L’intensità della luce, a questo punto, dipende da quanti corpuscoli ci sono nel
fascio di luce: alta intenistà significa tanti corpuscoli e quindi alta probabilità di
urtare cariche elettriche e di rimuoverle. Ma se i corpuscoli, pur tantissimi, hanno
bassa energia, non riusciranno a rimuovere le cariche.
Ma allora come possiamo spiegare gli esperimenti sulla diffrazione? La fisica è
una scienza sperimentale e, che ci piaccia o no, dobbiamo ammettere che la luce non
è né un’onda né un corpuscolo, ma ha al contempo le due nature. È sia un’onda che
un corpuscolo (se preferito potete anche pensare che non è né l’uno né l’altro, ma
qualcosa di diverso che non sappiamo immaginare).
Se questa interpretazione è vera, allora potrebbe essere vero che quel che abbiamo sempre considerato come composto di corpuscoli possa manifestare, sotto
certe condizioni, comportamenti ondulatori! È la meccanica quantistica secondo
la quale tutto nell’Universo ha una natura duale. Gli elettroni, per esempio, da
sempre considerati particelle, possono avere un comportamento da onde e quindi
essere diffratti in certe condizioni.
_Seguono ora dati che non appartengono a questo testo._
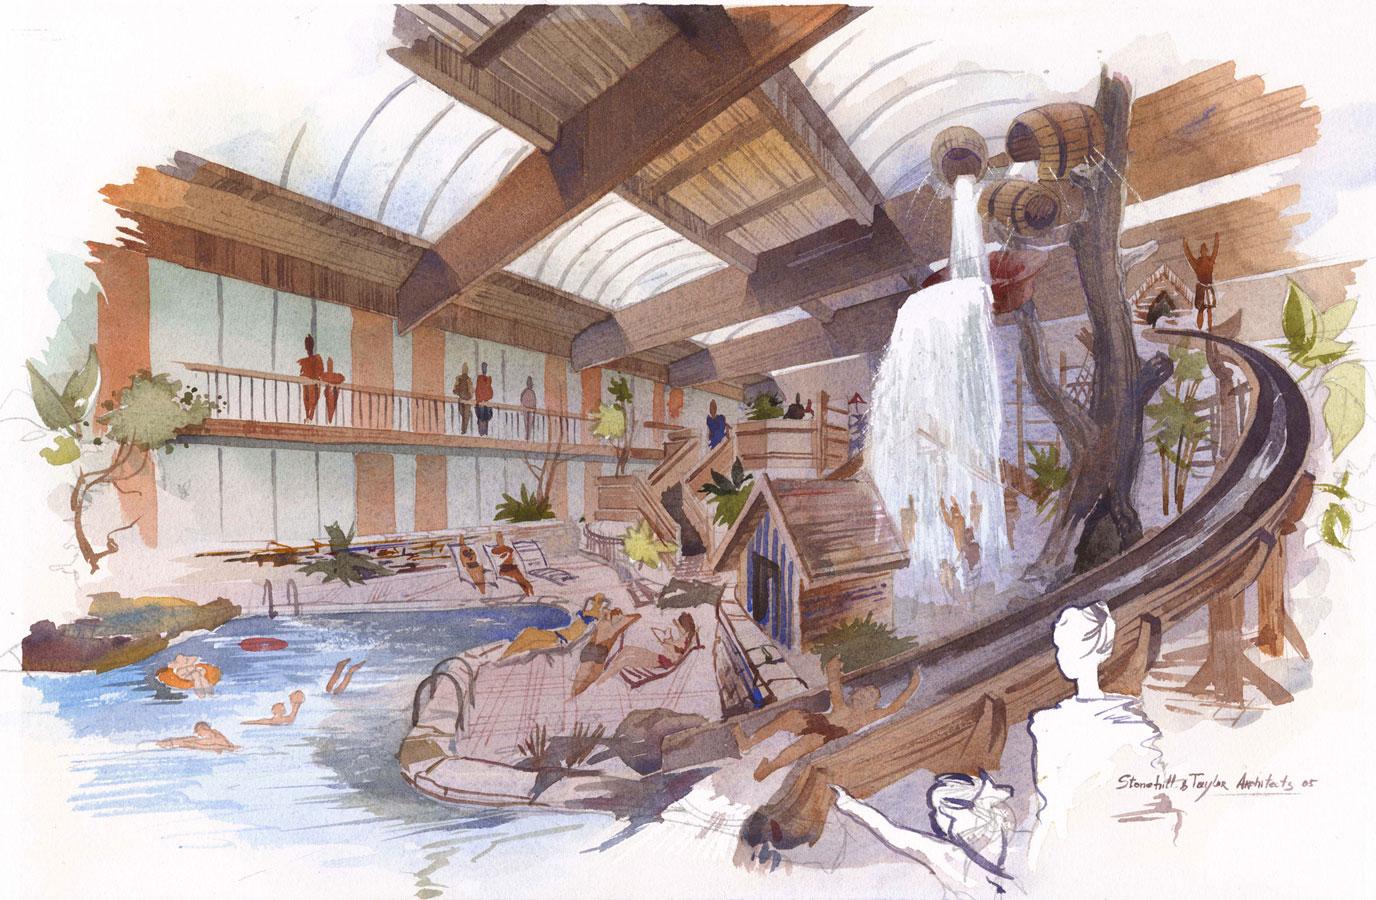 Conceptual predesign sketch pencil photoshop architecture design idea aquapark interior shalum Shalumov
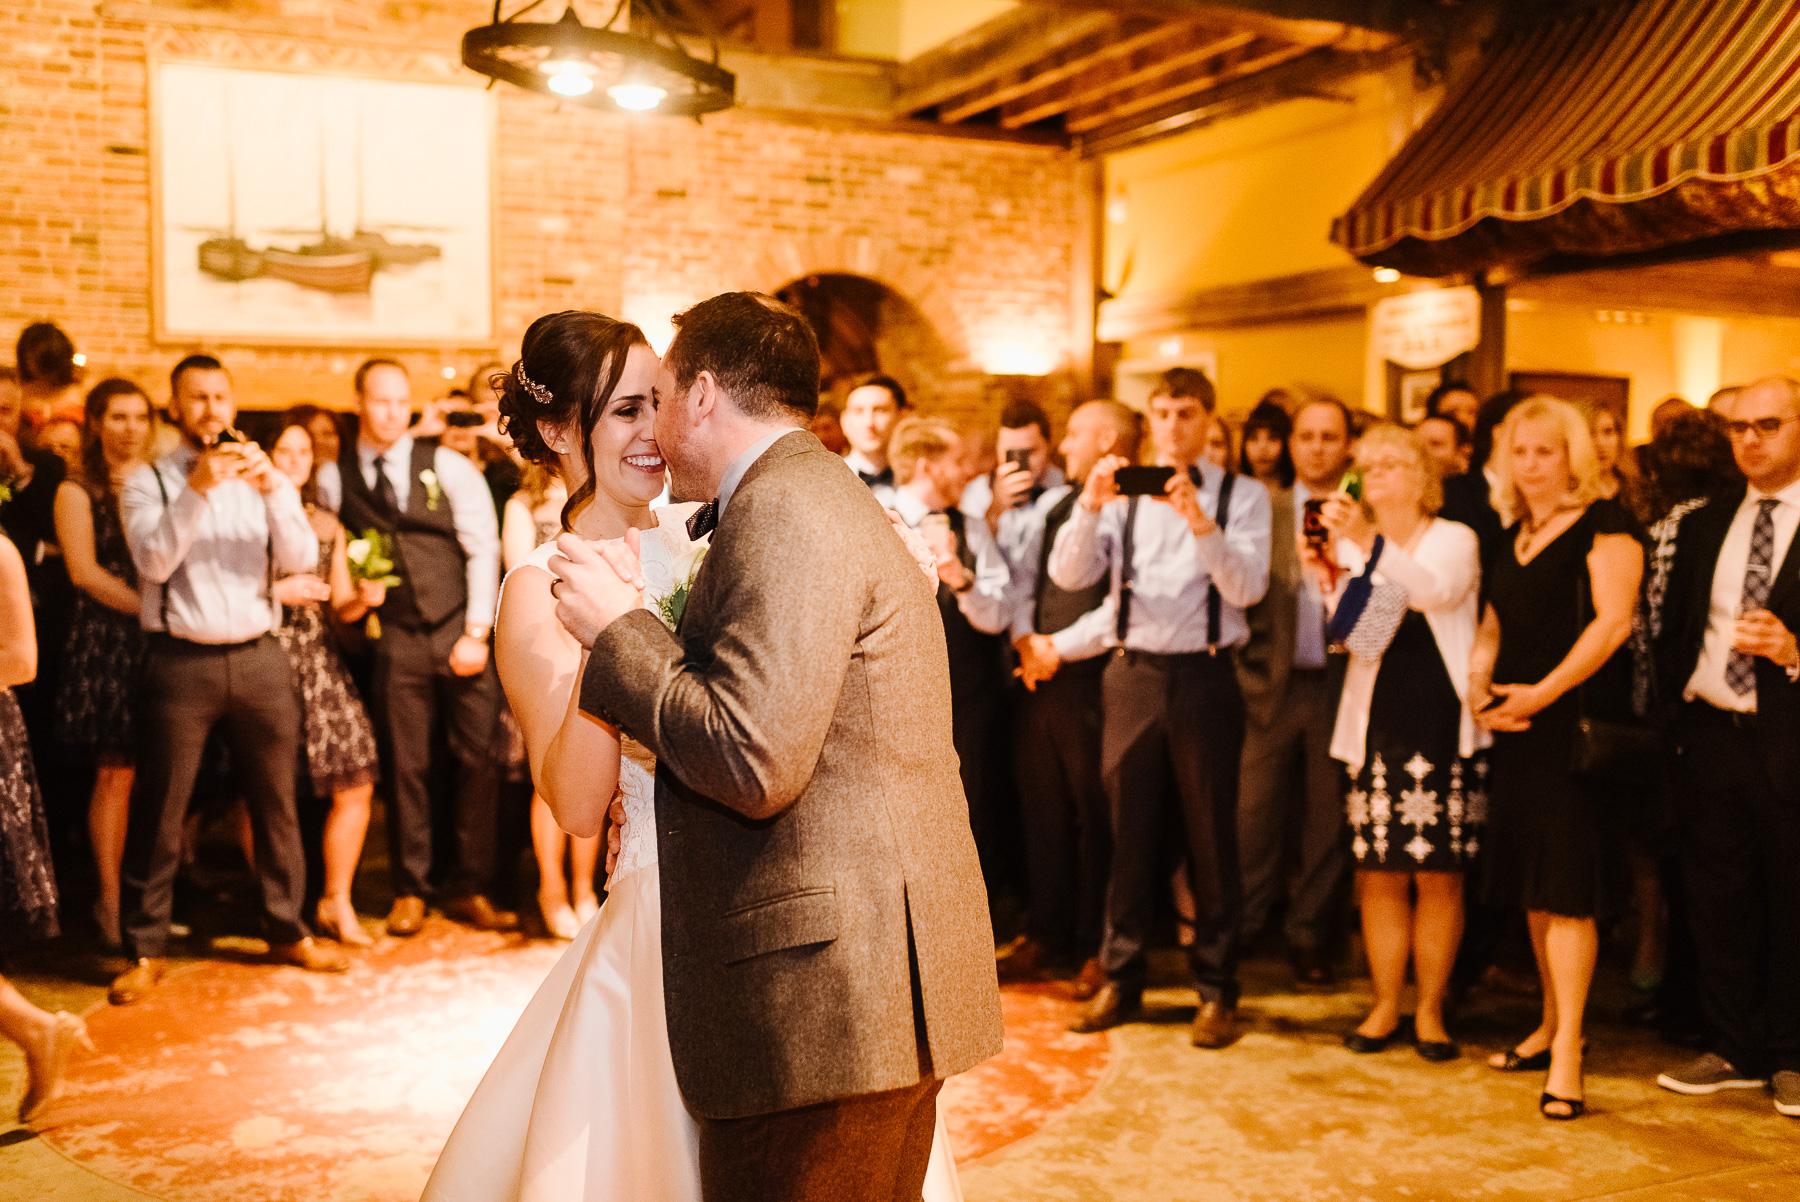 107-Laurita Winery Wedding New Jersey Wedding Photographer Laurita Winery Weddings Longbrook Photography.jpg

Per poter produrre diffrazione le fenditure devono essere molto strette rispetto alla lunghezza d’onda: se si fa passare un fascio
di elettroni attraverso un cristallo, per esempio di grafite, gli atomi del cristallo disposti regolarmente si comportano come ostacoli e l’onda di elettroni prosegue al
di là del cristallo procedendo con un fronte d’onda sferico, come le onde del mare.
Il risultato è che si vedranno gli elettroni finire in punti che formano un’immagine
simile a quella di una luce che passa attraverso uno stretto foro: il fascio di luce si
allarga e attorno a esso si vedono degli anelli. Lo stesso accade per gli elettroni, in
effetti, quindi l’interpretazione quantistica dev’essere corretta.